Another new inspection success video tip uploaded: Inspection fee calculator.

Very good, Nick!

I charged $19.00 less than the calculator last Friday for a 2,709 s.f. building.
Good estimator Nick.

Low-baller. :stuck_out_tongue:


Pretty cool. I just did a few tests and used the tool to price up the last 3 inspections I have done and priced using my own “Algorithm”. I was surprised of how close this calculator is. In fact all 3 were withing a variance of 40 bucks of my prices… Nice tool Nick.


You have to set it up first by adjusting the lower shaded area and running some hypothetical inspection jobs through it until it represents your fee structure.
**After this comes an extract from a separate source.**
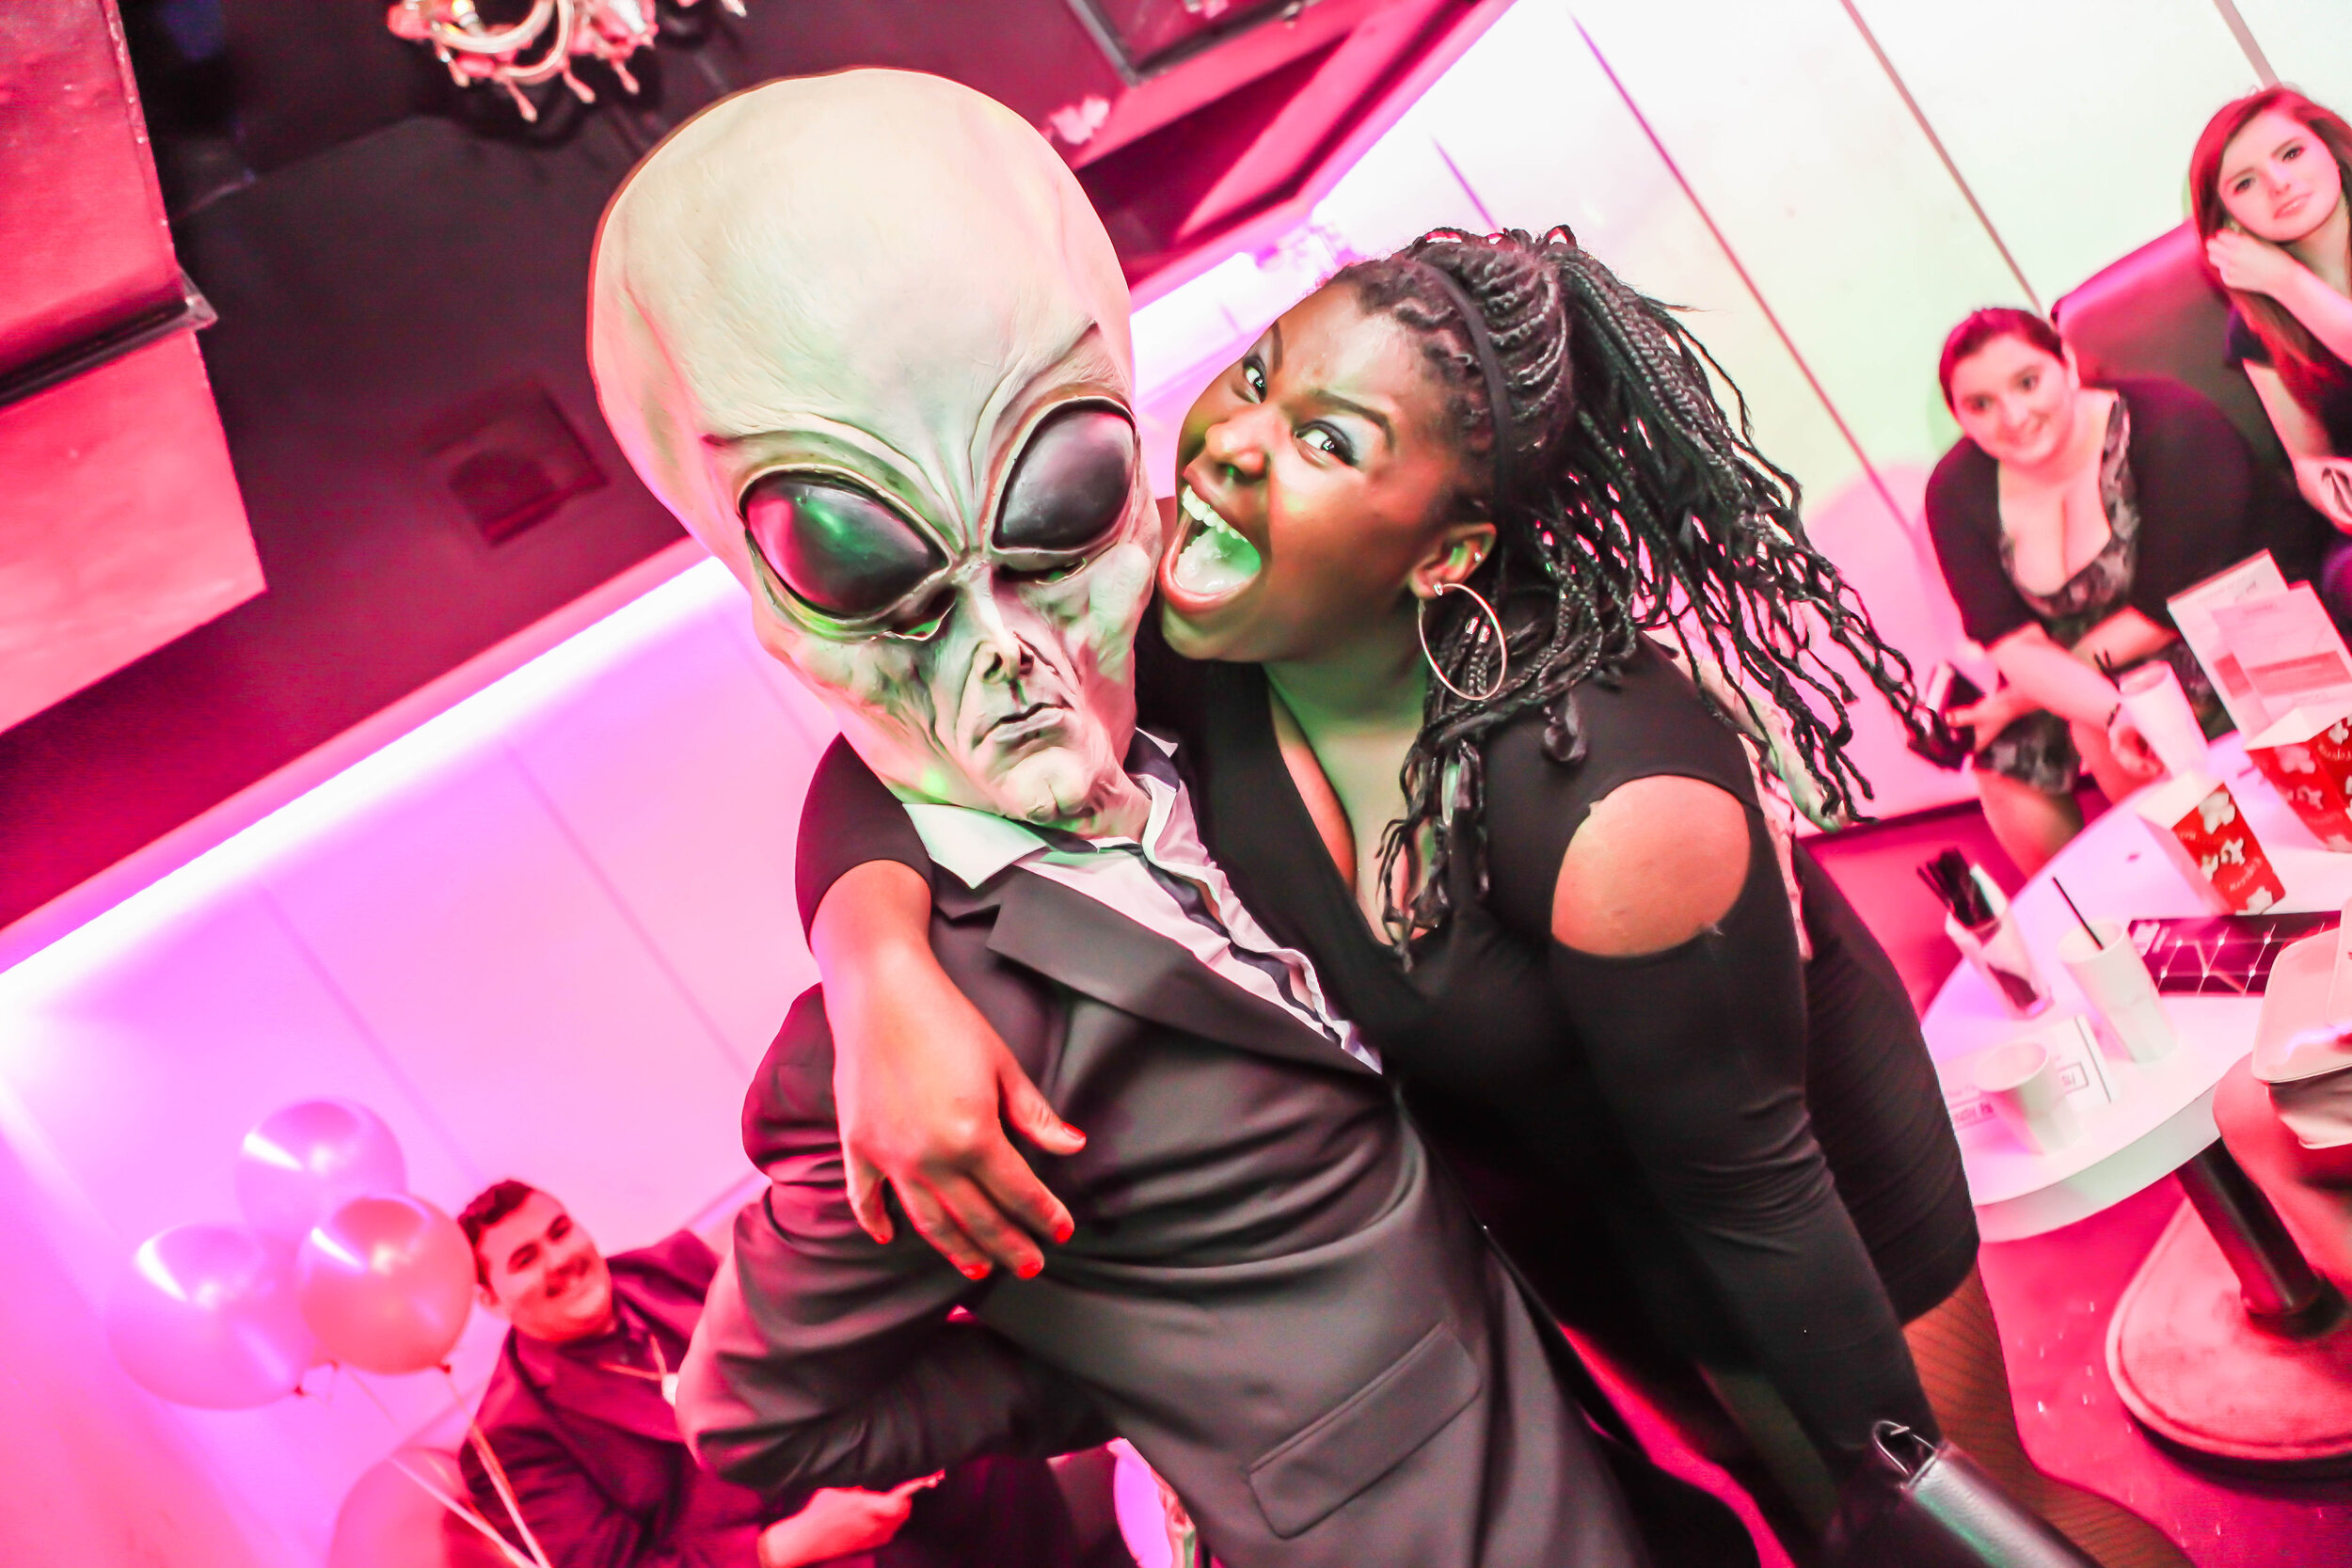 Alien walkabout character at event

Then you can turn your phone over to your spouse or an employee or even an answering service and they can offer free estimates that are perfectly in line with how you would bid the job.

Note: If you are a franchise that pays a fee based on gross sales, you want to raise your base rate up high in the shaded area so that you are doing fewer, but higher profit margin inspection projects. If you don’t understand the math behind this advise, just post here and I’ll explain it in more detail.

Nick I totally understand the math behind this line of thinking, but one also needs to consider that “Most” potential clients especially the ones that are asking for quotes rather than what you have to offer more than others, won’t pay a higher price just because you need a larger profit margin.


Correct. That’s the mathematical problem with franchises that charge monthly fees based on gross sales. The math rewards the franchisee to chase only the higher margin projects, even when he/she isn’t busy, rather than price pointing his/her local market correctly.

I’ll do a little chalkboard example for franchisees. These aren’t actual numbers, but rather round numbers I picked solely for demonstration purposes.

Lets assume for demonstration purposes that the cost to the inspector to do an inspection (time, mileage, risk management, overhead, marketing, etc.) is $300.

Lets also assume for demonstration purposes that the franchisee has to pay 15% of his gross sales to his franchisor.

Now, lets say that franchisee BOB does 50 jobs this month at $500. His gross sales are then $25,000. His franchise fee is 15% of that or $3,750. His net profit before paying the fee is 50 X ($500-$300) or $10,000 (remember this number, I’m going to refer to it in a minute). After paying his franchise fee he is left with $6,250 for the month.

Now, lets say that franchisee TOM does only 25 jobs but at $700. His gross sales are only $17,500 (poor Tom ;-)). His franchise fee is less, only $2,650. But like Bob, his net profit before paying the fee is 25 X ($700-300) or $10,000. After paying his franchise fee (based on gross sales), he is left with $7,350…$1,100 more than Bob.

Tom took home more money than Bob even though he had the exact same net profit as Bob.

That’s impossible! How could that be!!!??

It’s because if you own a franchise that charges you a monthly percentage based on gross sales, you should, like Tom, focus on increasing your net profits on fewer gross sales. In other words, if you own a franchise, you are financially compelled to do fewer but higher margin projects. We all should, but franchise owners are extra compelled because of the math I described above.

To me, that is why in the industry and economy a franchise is not a good thing.